• [Exercise description]: Retype the whole listing exactly. Leave out pictures.

• [Material provided]:
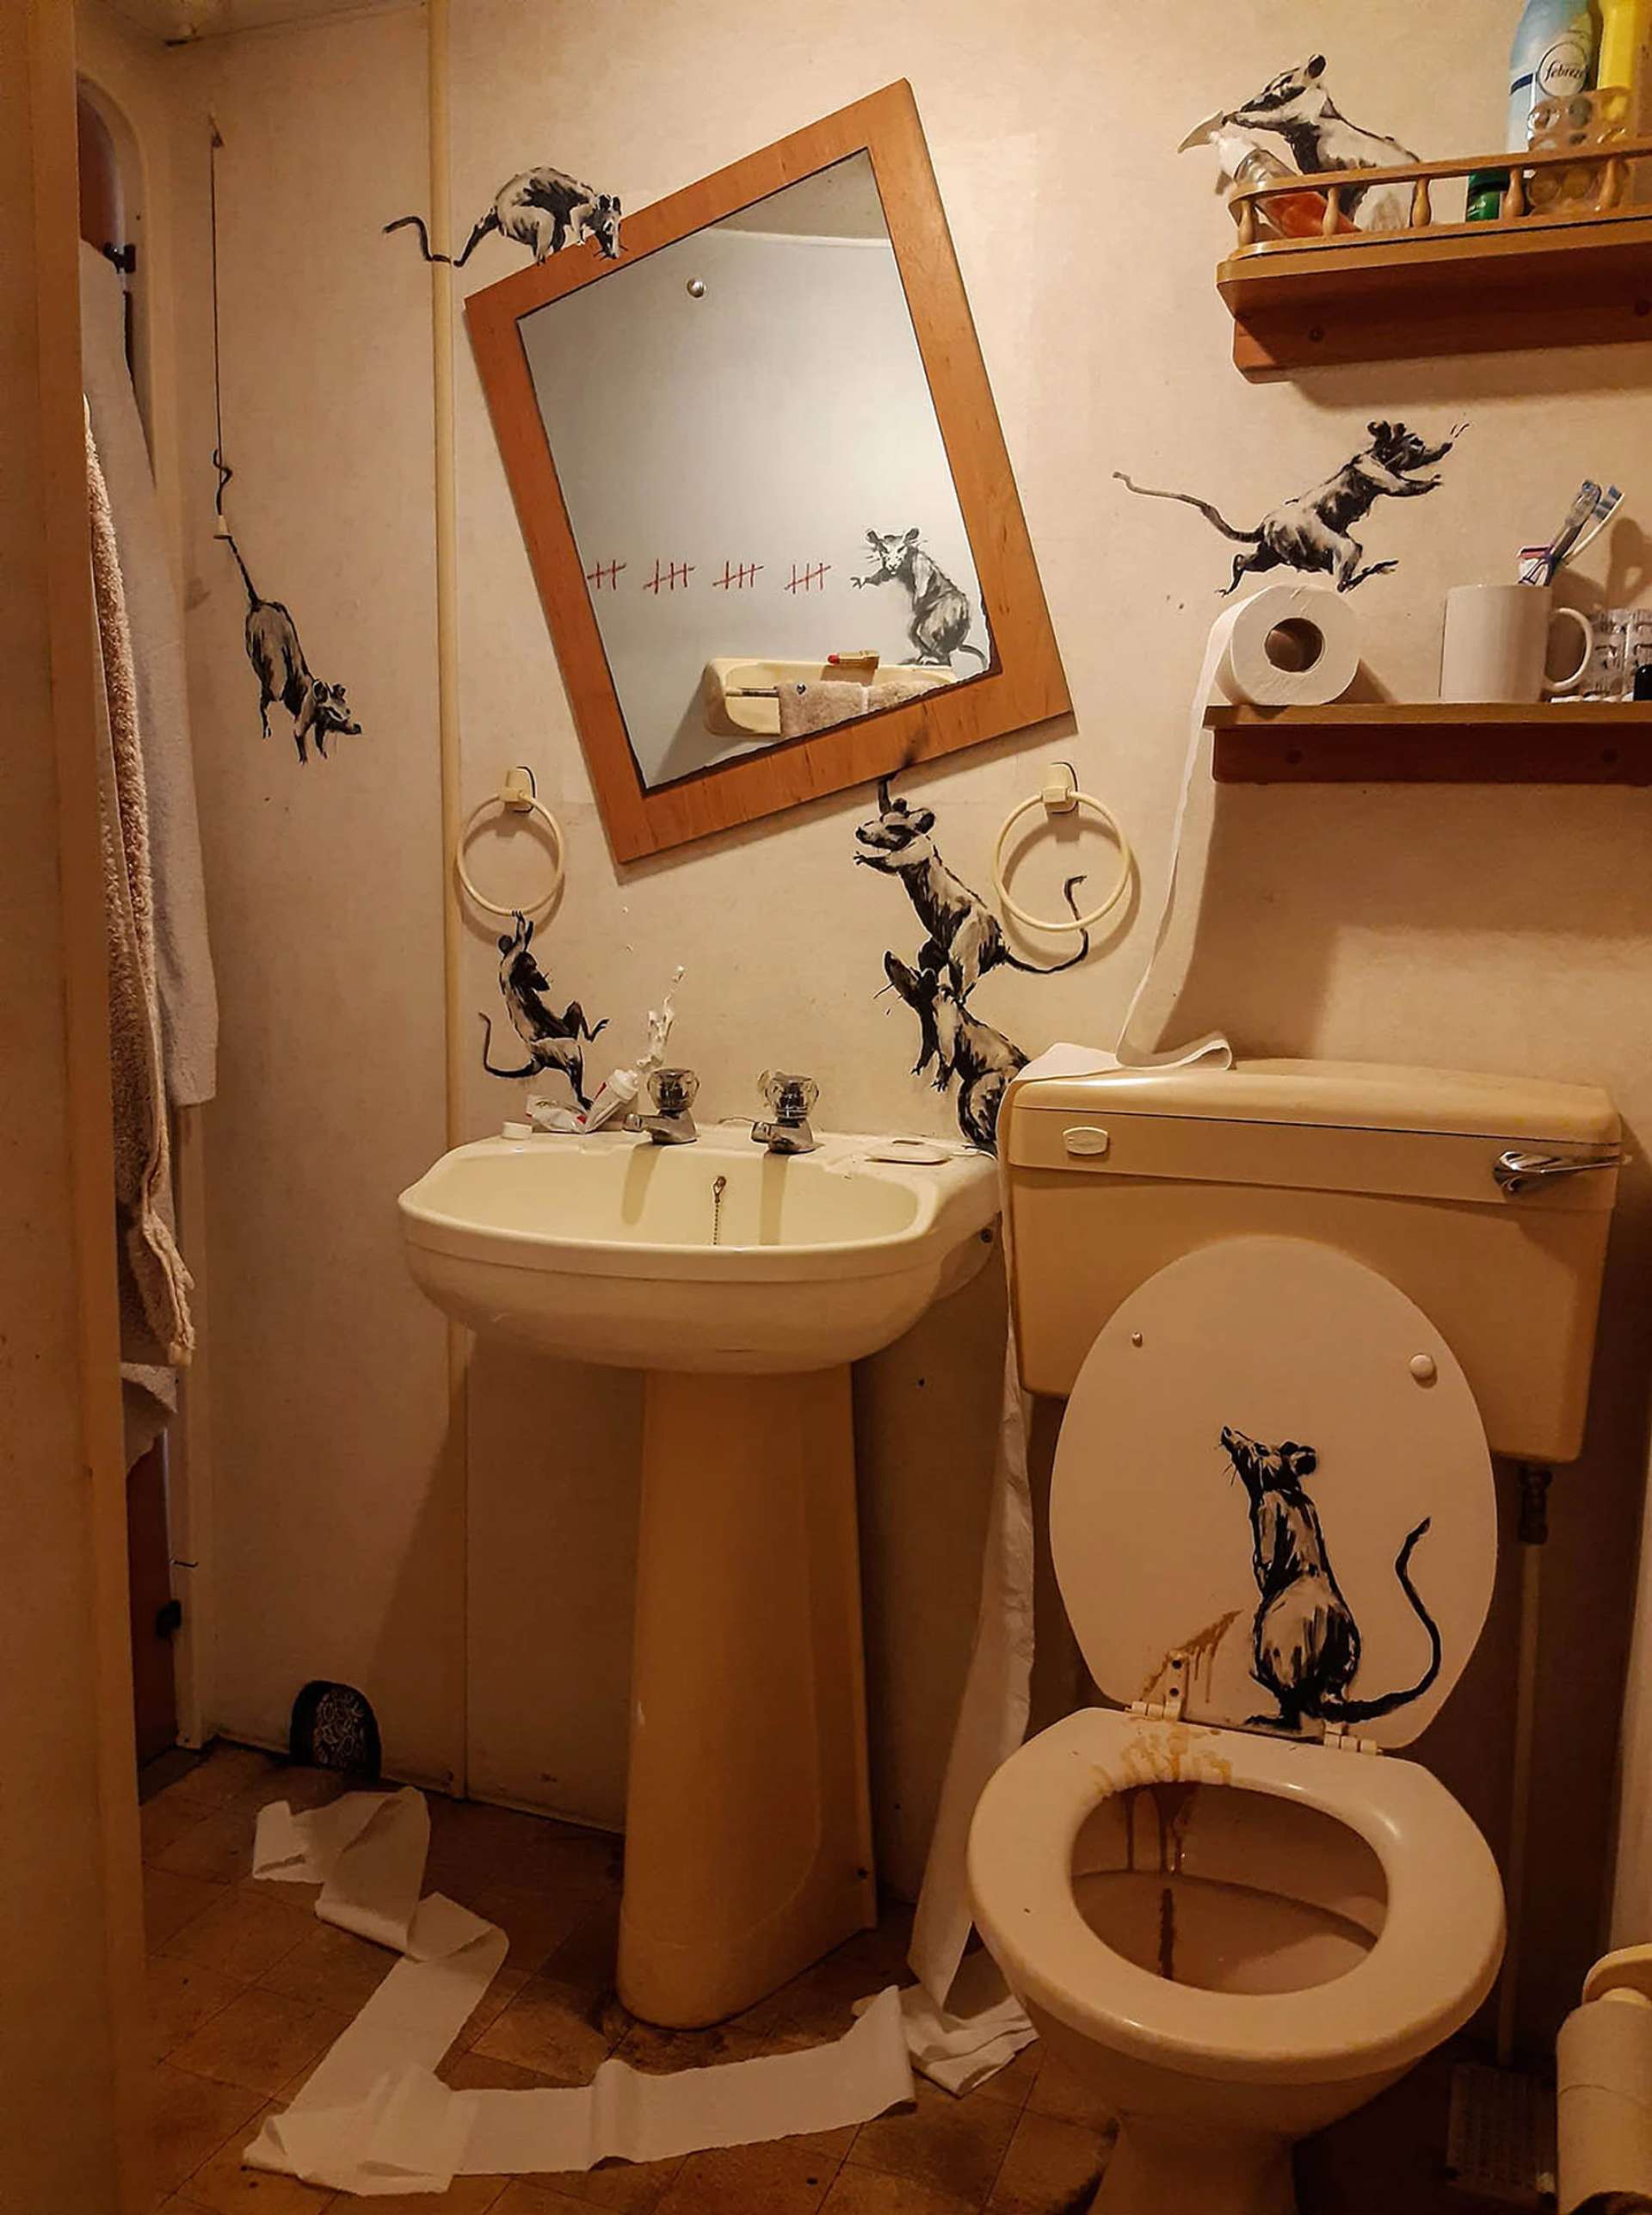 'My wife hates it when I work from home', Rats Bathroom Installation by Bansky
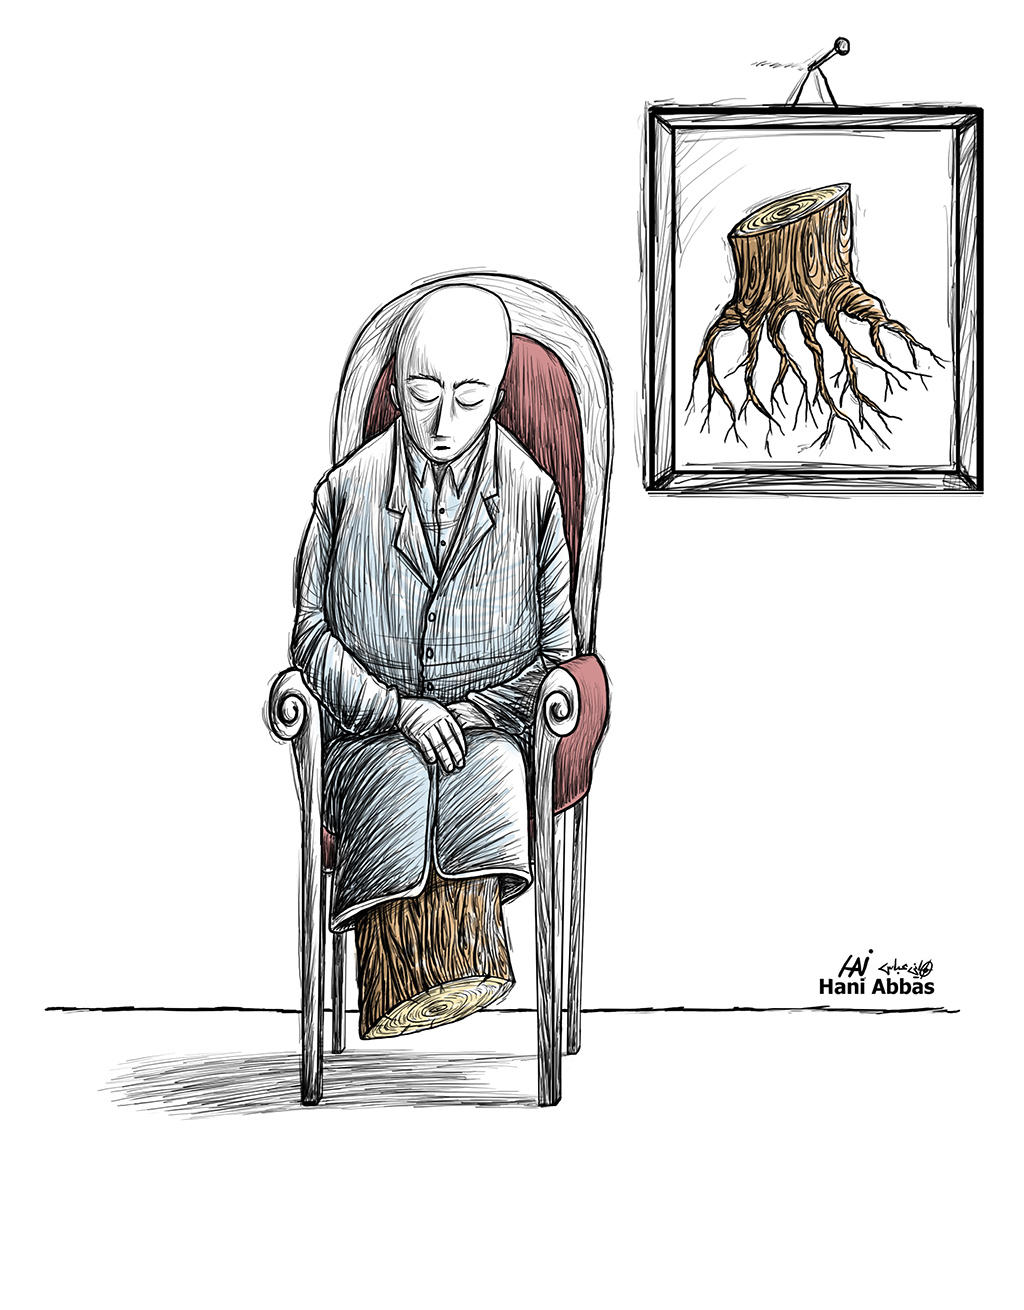 A man sits in a chair
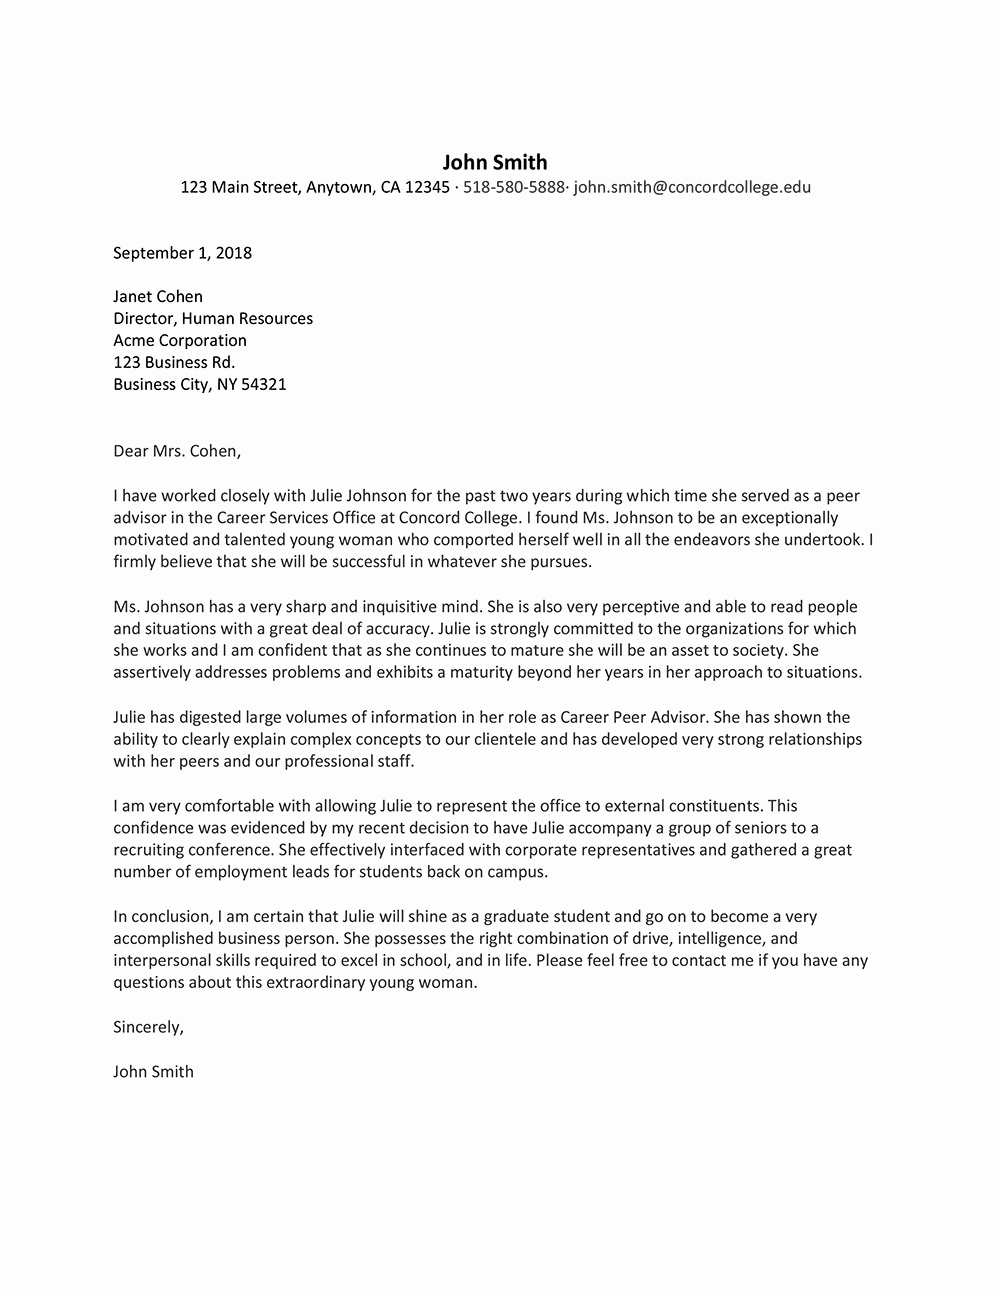 Recommendation Letter for Mba Program New Examples Letters to Congressman About Healthcare
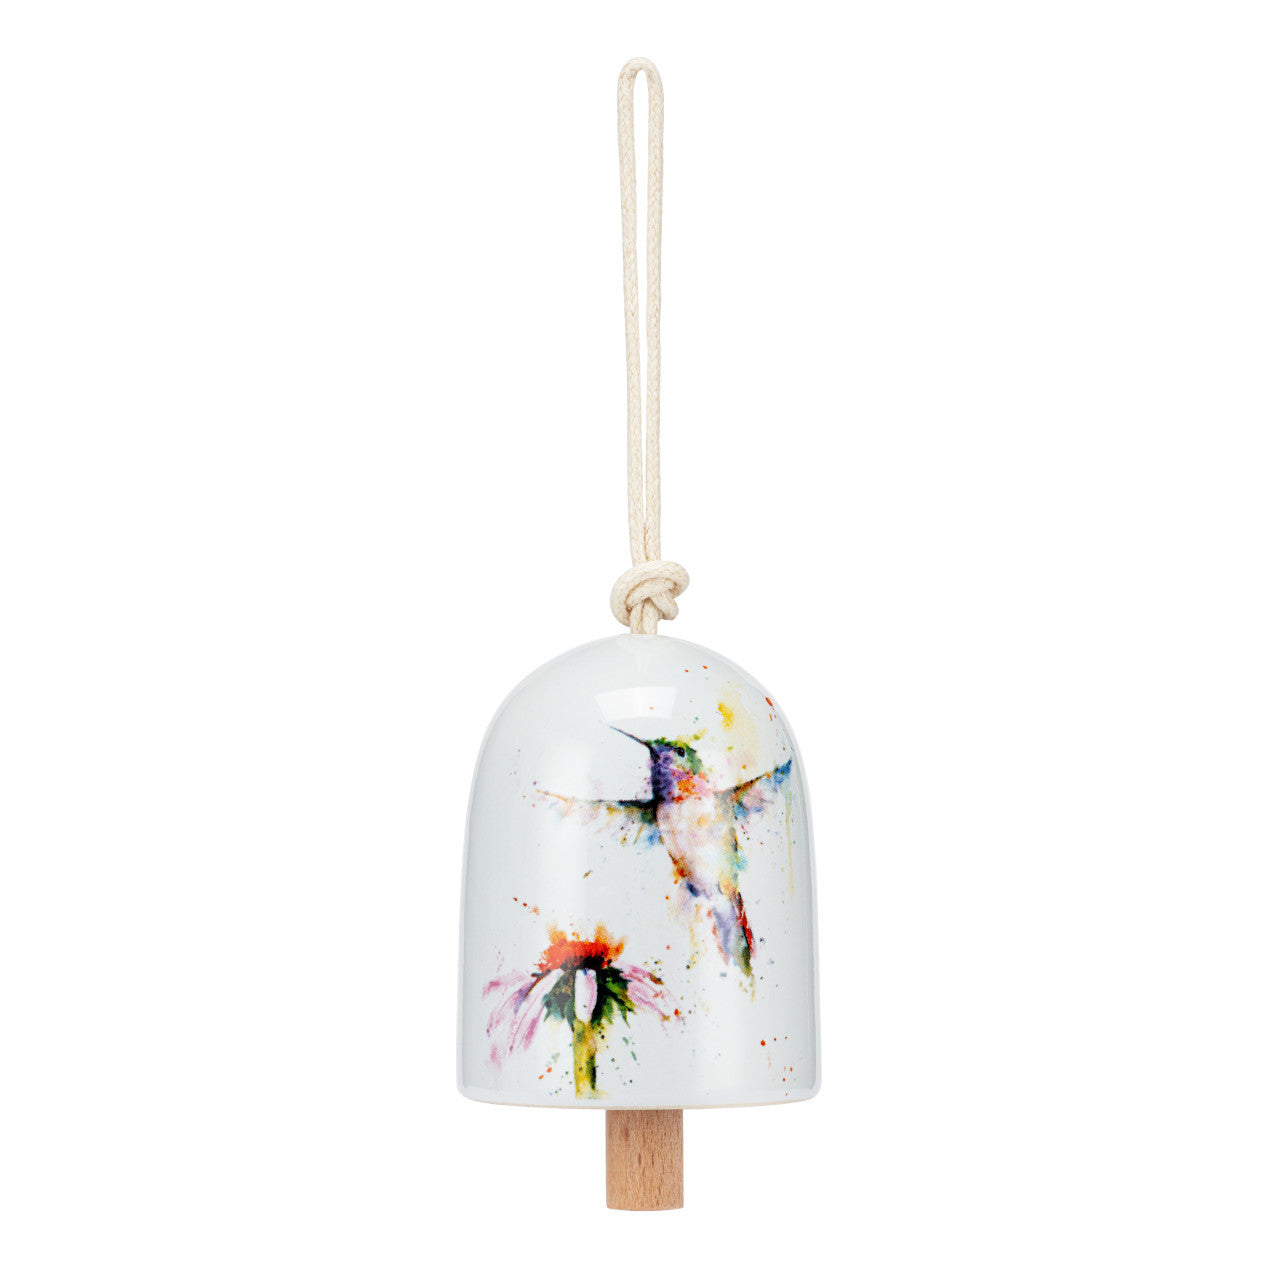 Demdaco PeeWee Hummingbird Mini Bell available at The Good Life Boutique

• [Solution to the problem]:
 'My wife hates it when I work from home', Rats Bathroom Installation by Bansky
 A man sits in a chair
 Recommendation Letter for Mba Program New Examples Letters to Congressman About Healthcare
 Demdaco PeeWee Hummingbird Mini Bell available at The Good Life Boutique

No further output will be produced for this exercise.